Mayor of Monroe, Ouachita Parish Louisiana, USA
- In office October 1978 – April 1979
- Preceded by: W. L. "Jack" Howard
- Succeeded by: Robert E. "Bob" Powell

Member of the Monroe City School Board
- In office 1968–1972

Personal details
- Born: September 12, 1919 Esperance Plantation Ouachita Parish
- Died: July 12, 2010 (aged 90) Monroe, Louisiana
- Resting place: Mulhearn Memorial Park Cemetery in Monroe
- Party: Democratic
- Spouse: Arabella Bancroft Cann
- Children: Vada Montgomery Arabella Cann Dr. Thomas Nash
- Education: Ouachita Parish High School University of Louisiana at Monroe Louisiana State University
- Occupation: United States Army officer Businessman

Military service
- Branch/service: United States Army United States Army Reserve
- Years of service: 1943–1956
- Rank: Lieutenant Colonel
- Unit: 101st Airborne Division
- Battles/wars: World War II Normandy Campaign; Battle of the Bulge;

= William Derwood Cann Jr. =

American mayor, businessman, military officer

William Derwood Cann Jr. (September 12, 1919 - July 12, 2010), was a World War II lieutenant colonel who subsequently became a college professor, manufacturing executive, and the interim mayor of Monroe in Ouachita Parish in northeastern Louisiana.

==Education and military==
Cann was born on the Esperance Plantation near Monroe, one of five children of William Cann Sr. and the former Lodi DeSeay. He attended Ouachita Parish High School from 1933 to 1937. Thereafter he studied from 1937 to 1938 at the University of Louisiana at Monroe, then known as Ouachita Parish Junior College. In 1938, he enrolled at Louisiana State University in Baton Rouge, from which he received his bachelor's degree in 1942. At the age of seventeen, Cann joined the Louisiana Army National Guard, in which he became cadet captain.

Cann was commissioned a second lieutenant in the United States Army through the Reserve Officer Training Corps at LSU. From 1943 until 1945, he was a paratrooper, unit commander, and staff officer with the 101st Airborne Division in the European Theater of Operations, with participation at Normandy, the Battle of the Bulge, and other locations. In 1946, he became an aide de camp with the 82nd Airborne Division to Major General James M. Gavin, who was known for his unleashing of paratroopers during World War II. After the war, Cann served in many military capacities including the training of Turkish troops headed to the Korean War. He received many military commendations: the Bronze Star and Purple Heart medals, both with Oak leaf cluster, World War II Victory Medal, the Combat Infantryman Badge, the Army of Occupation of Germany Medal, and the Presidential Unit Citation. He retired from the Army in 1956.
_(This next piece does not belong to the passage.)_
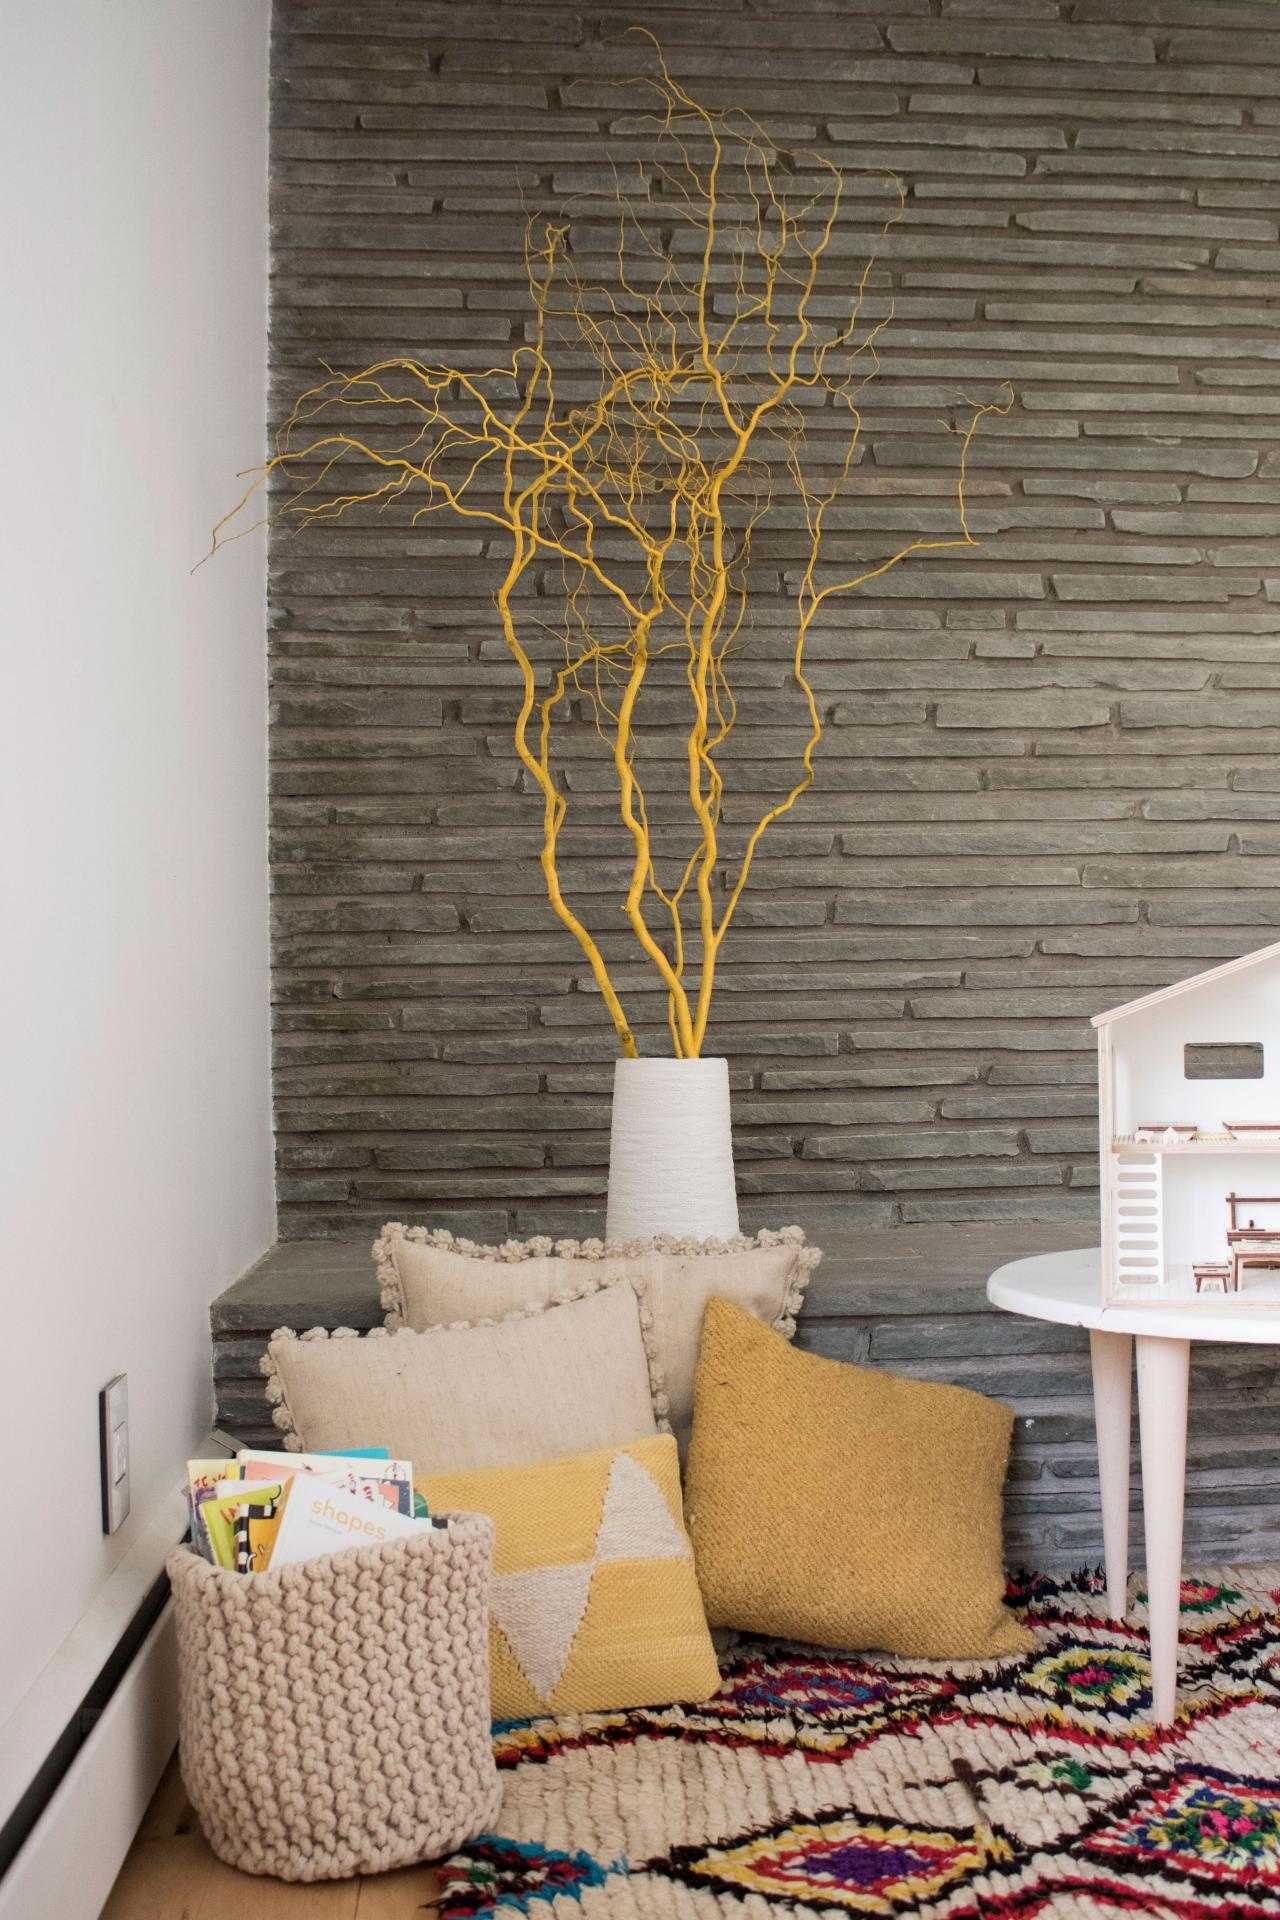 Creative Ideas for Branches as Home Decor | DIY Network ...

==Business, political, and civic life==
After his active military service, Cann was an officer in the U.S. Army Reserve. From 1954 to 1956, he was chairman of the Military Department at ULM, by then known as Northeast Louisiana State College. He was also an executive of Bancroft Bag, Inc., in West Monroe. At the time of his death, he was still a senior vice president, director, and shareholder of the company. From 1964 to 1972, Cann served on the Louisiana Board of Commerce and Industry under appointment from Governor John McKeithen. He served on the elected Monroe City School Board from 1968 to 1972. He was appointed mayor in October 1978 upon the resignation of W. L. "Jack" Howard, a co-founder of Howard Brothers Discount Stores, who had served five nonconsecutive terms in the position. Cann was mayor only until April 1979 and did not contest the special election, won by Robert E. "Bob" Powell, who held the position until his defeat seventeen years later in 1996 by Abe E. Pierce, III, the city's first African American mayor.

Cann was active in the Chamber of Commerce, the Public Affairs Research Council, Bayou DeSiard Country Club, March of Dimes, YMCA, American Red Cross, the United Way, and the Boy Scouts of America. In 1992, he served on the newspaper editorial board of the Monroe News-Star. In 1993, Cann was a Paul Harris Fellow of Rotary International.

==Death==
Cann was a member of the vestry for three terms at Grace Episcopal Church of Monroe.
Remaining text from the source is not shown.